When we created Testosterone, one of our goals was to act as a sort of watchdog for the sports supplement industry. So far, we've done a pretty good job. We've exposed frauds, cut through the hype, and provided readers with the info they need to make smart supplement choices.

Now we'd like to take our role one step further. From now on, we'll be regularly reviewing supplements from various companies. If we feel they're worth buying, we'll let you know. If they stink, we'll tell you that too.

But can we review supplements in an unbiased manner given T-mag's relationship with Biotest? You bet we can! Of course, with all the new people just discovering T-mag, we'd also like to use this series to spotlight some of our own products as well, but ideally we'd get an outsider to write those reports. Unbiased, fair reviews: that's what this new series is all about!

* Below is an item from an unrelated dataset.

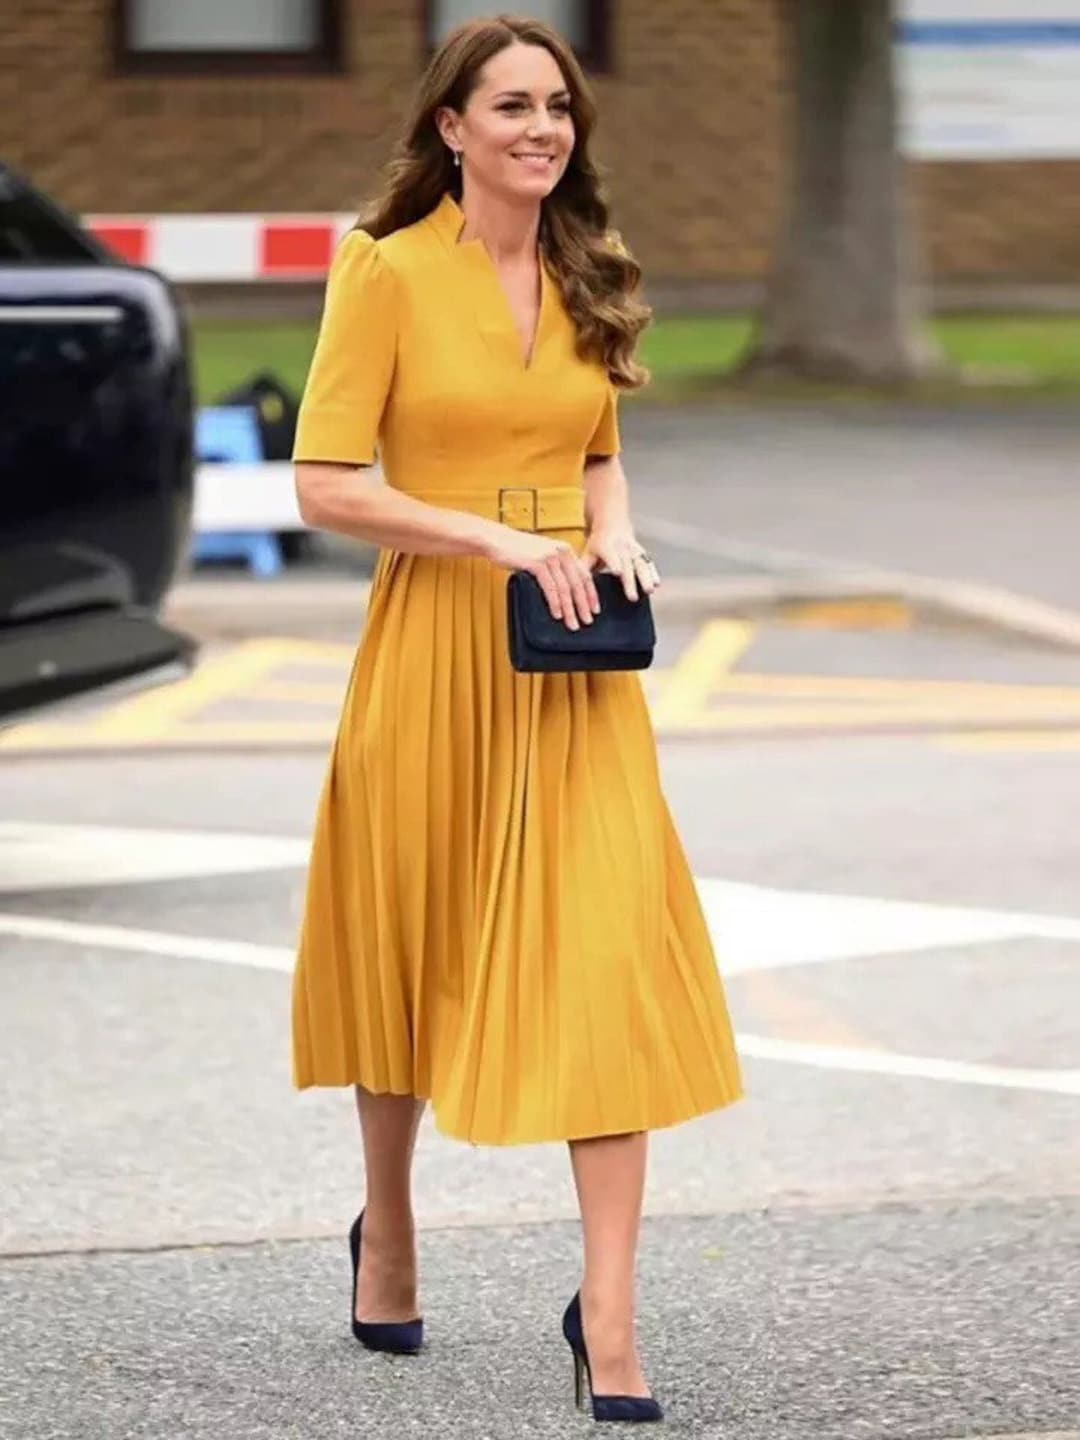 Kate Middleton Dresses

This installment takes a look at a new category of supplements loosely coined "hemodilators,"among them being products that stimulate NO (nitrous oxide) production. The ads for these products are at times compelling and at times ludicrous (some ads even claiming that NO can actually improve the appearance of your face!). Given the broad spectrum of claims, we felt it was time to shine some light on this product.

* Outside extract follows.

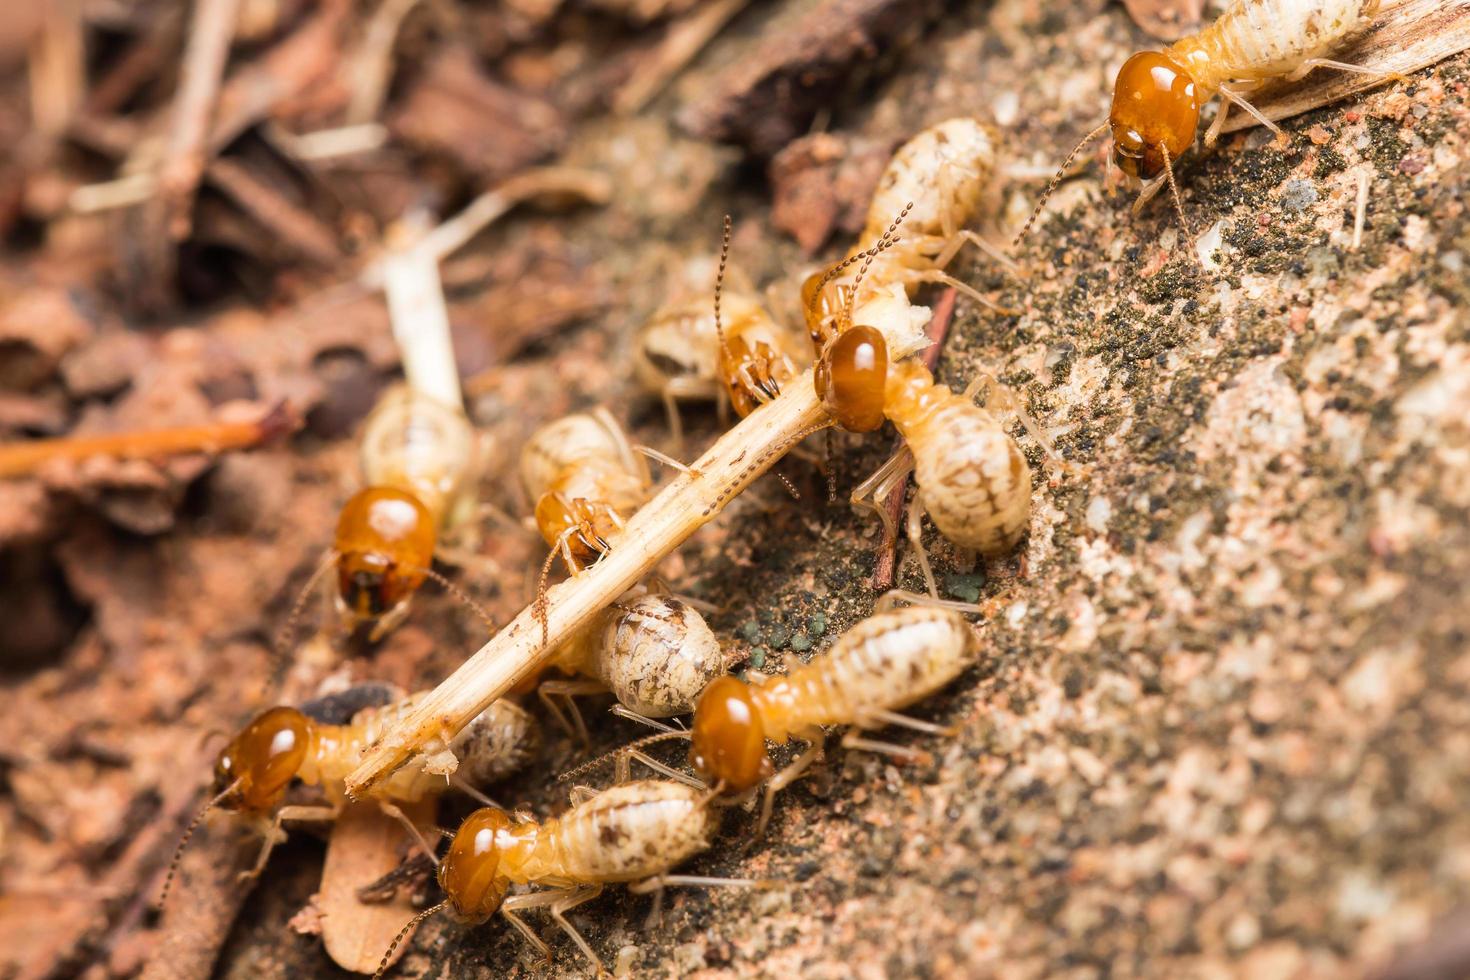 termieten helpen lossen hout chips. foto

It struck me by surprise when I saw the first ad for a new supplement touting "perpetual pumps and super-anabolic action." This new wonder-supp did all that groovy stuff by stimulating nitric oxide (NO) secretion in the body. Not only that, but it was invented by the creator of creatine*. Wait a minute, God created a new NO-stimulating supplement? How did that one slip past me? I mean, since creatine is a naturally occurring substance found in the body and food, this must be the case. Who else could have created it but good old Yahweh? This stuff had to work miracles. I was going to be so "pumped-up" that I would look like a tick about to pop.

Then it dawned on me. This was a supplement ad. Most supplement ads are for suckers and ill-informed idiots, Brad. Aw shucks, they almost had me there with their divine intervention approach. That’s A-1 marketing if I’ve ever seen it.

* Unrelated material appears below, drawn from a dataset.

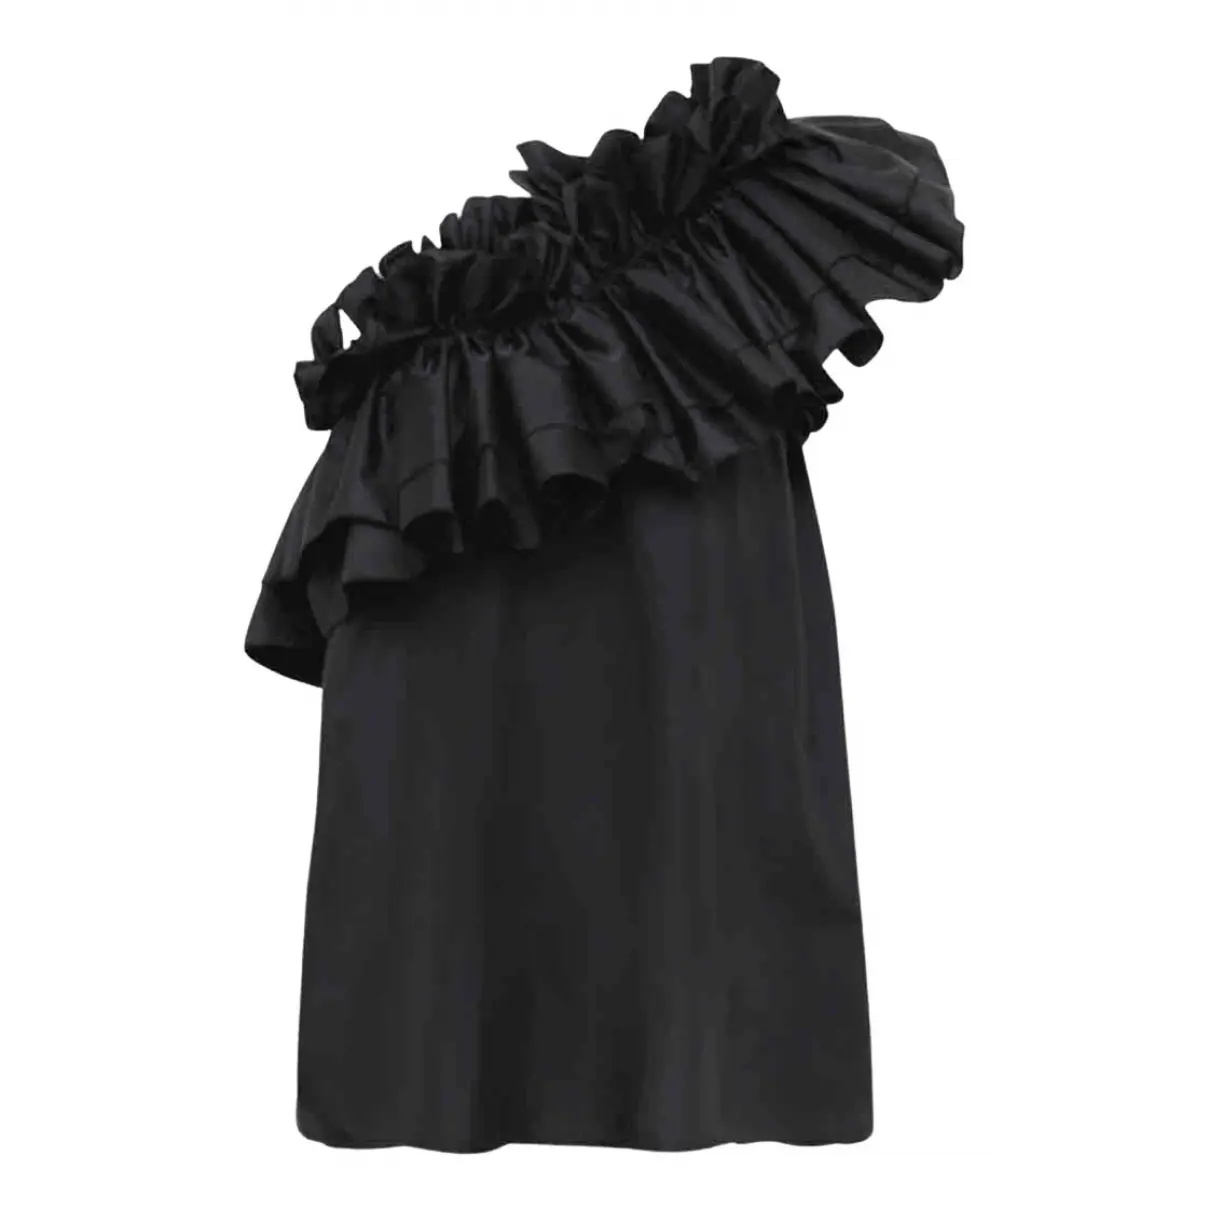 Buy Julie Fagerholt Heartmade Black Polyester Top online

However, I was reminded that a lot of people don’t realize this indisputable fact of supplement industry degeneracy. So I decided to look into what these NO-stimulating supplements were all about and if any performance enhancing effects could be obtained by using them.

*Editor’s note—While Brad made a good joke about the "inventor of creatine" (Ed Byrd, the business man behind NO2 claims to have invented creatine in his ads), we thought a few of you would like to know the real story of how creatine was introduced to the United States. Long used by track and field athletes in the U.K., creatine had gone largely unnoticed in the US until a Bill Phillips lieutenant by the name of James Bradshaw happened to be rummaging through a box of supposedly worthless supplements that Bill kept in his office. Bradshaw, the captain of many of MET-Rx’s most successful ad campaigns, found a bottle of creatine, tried it, and was impressed by the results. He told Bill about it and soon after, Bill decided to market the product through his new company, EAS. The founding fathers of EAS included of course Bill, an adequate biochemist by the name of Anthony Almada, and a businessman named Ed Byrd. While Byrd was indeed part of the team that introduced creatine to the United States, his involvement was incidental at best.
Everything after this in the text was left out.